We argue that this novel approach would help policy makers and water stakeholders to target their scant resources toward achieving urban water security. While some policy measures, such as increasing access to sanitation, water-use efficiency, cracking down illegal uses, and increasing the budget directed to water sector, have positive implications for achieving urban water security, other measures, such as reusing wastewater for agriculture, diversity of water and energy sources, inter-basin transfers of water to deal with water shortage, and reducing greenhouse gases emission to deal with climate risks, may increase the trade-offs and nexus challenges. For example, treated wastewater use in agriculture as an untapped resource may be positive for water conservation, although you increase the risk to groundwater quality and polluting the farmland with chemical residual of wastewater treatments. These trade-offs are strongest in water-scarce countries with limited resources and capacities, where many people lack access to safely managed water and sanitation as in Jordan and the Middle East region. Policy makers have to make choices among intervention measures using this tool, which focus prominently on the weak indicators with high impact. Managing the trade-offs in dynamic water security is a daunting task and significant challenges remain.
The existing literature on water security assessments is too narrow to apply an equal weight to all the indicators of water security, which often does not represent the reality on the ground and underestimate the necessary interventions at the local scale. The results of the study are dependent on the local context that can be different from other cases. The study highlights the importance of the weights as a tool in planning pathways toward water security and underscore the most important indicators with high impact to invest first. This will result in maximizing synergies and minimizing trade-offs among indicators.
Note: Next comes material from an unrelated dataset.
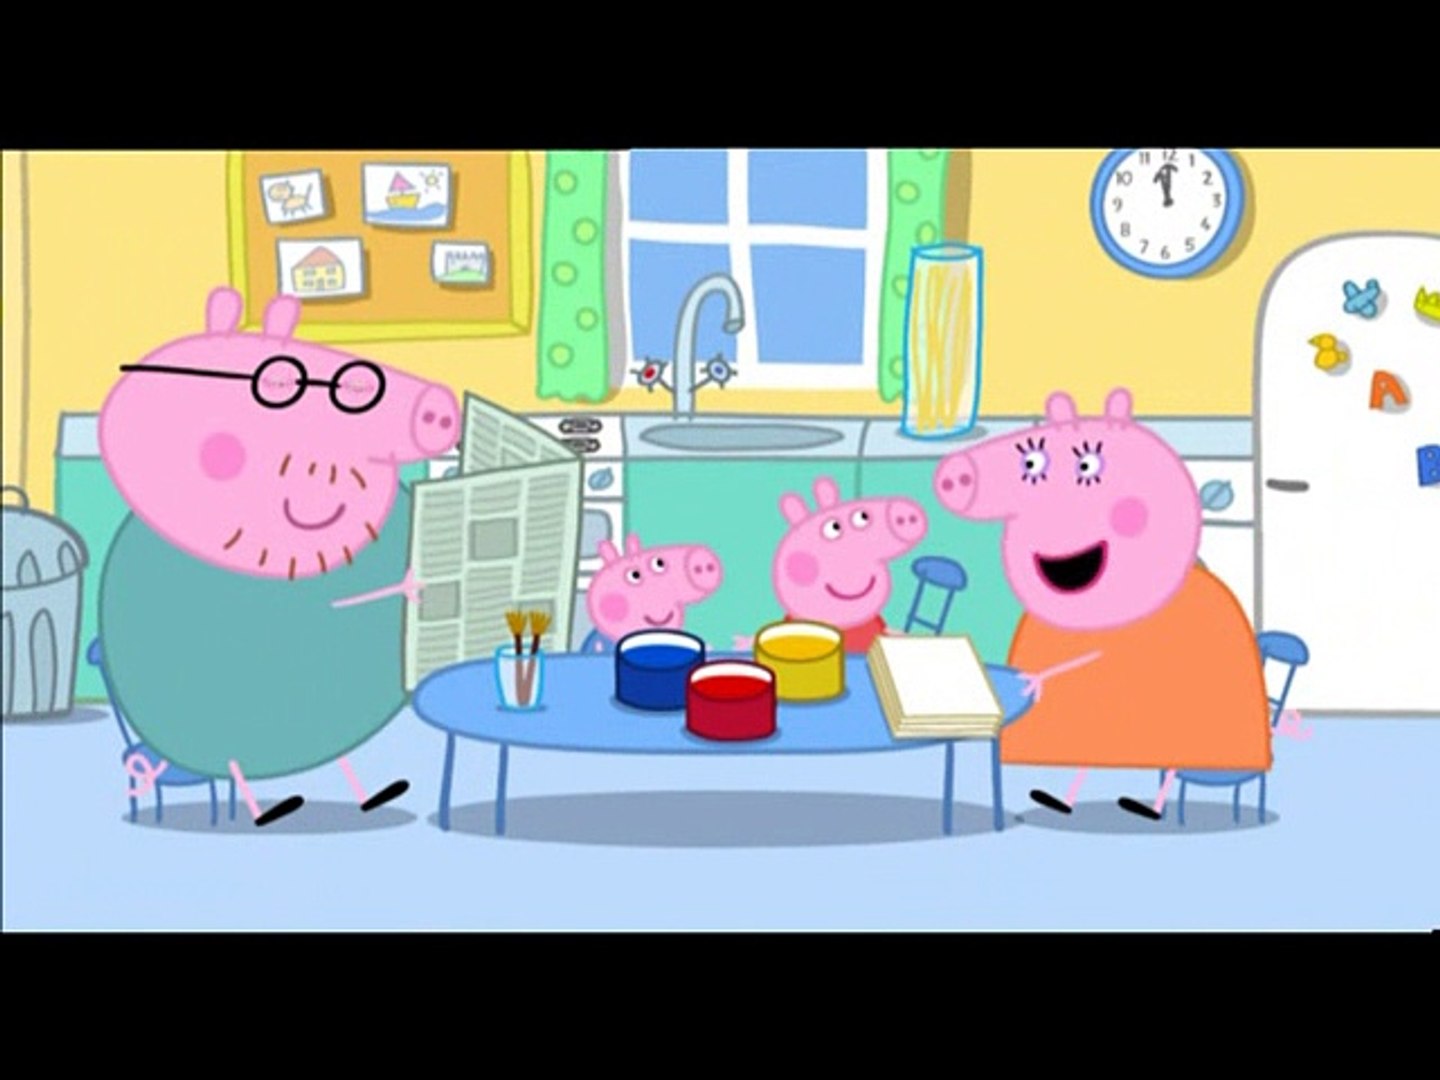 Painting Pictures wit hPeppa Pig

The result of the
Figure 7 is a good representation of the required interventions to achieve urban water security in terms of defining the weak indicators with high relative weights.
This study is an initial attempt to develop AHP models for evaluating the relative importance of the DECS indicators by comparing a set of indicators and weights for urban water security. The AHP model should be refined and views from different stakeholders must be collected, considered and balanced according to the differences that may arise. Since water security is a dynamic process affected by increasing demands, changing climate, political structures, economic growth, and resources, the relative importance of indicators should also be seen as an iterative process based on feedbacks.
The study can be implemented and scaled to many parts of the world and this would help to create a platform for comparative analysis and benchmarking cities toward achieving urban water security. Therefore, water stakeholders, public authorities, and regulators can learn the best practices from each other, to continuously improve the integrated management of water resources and services.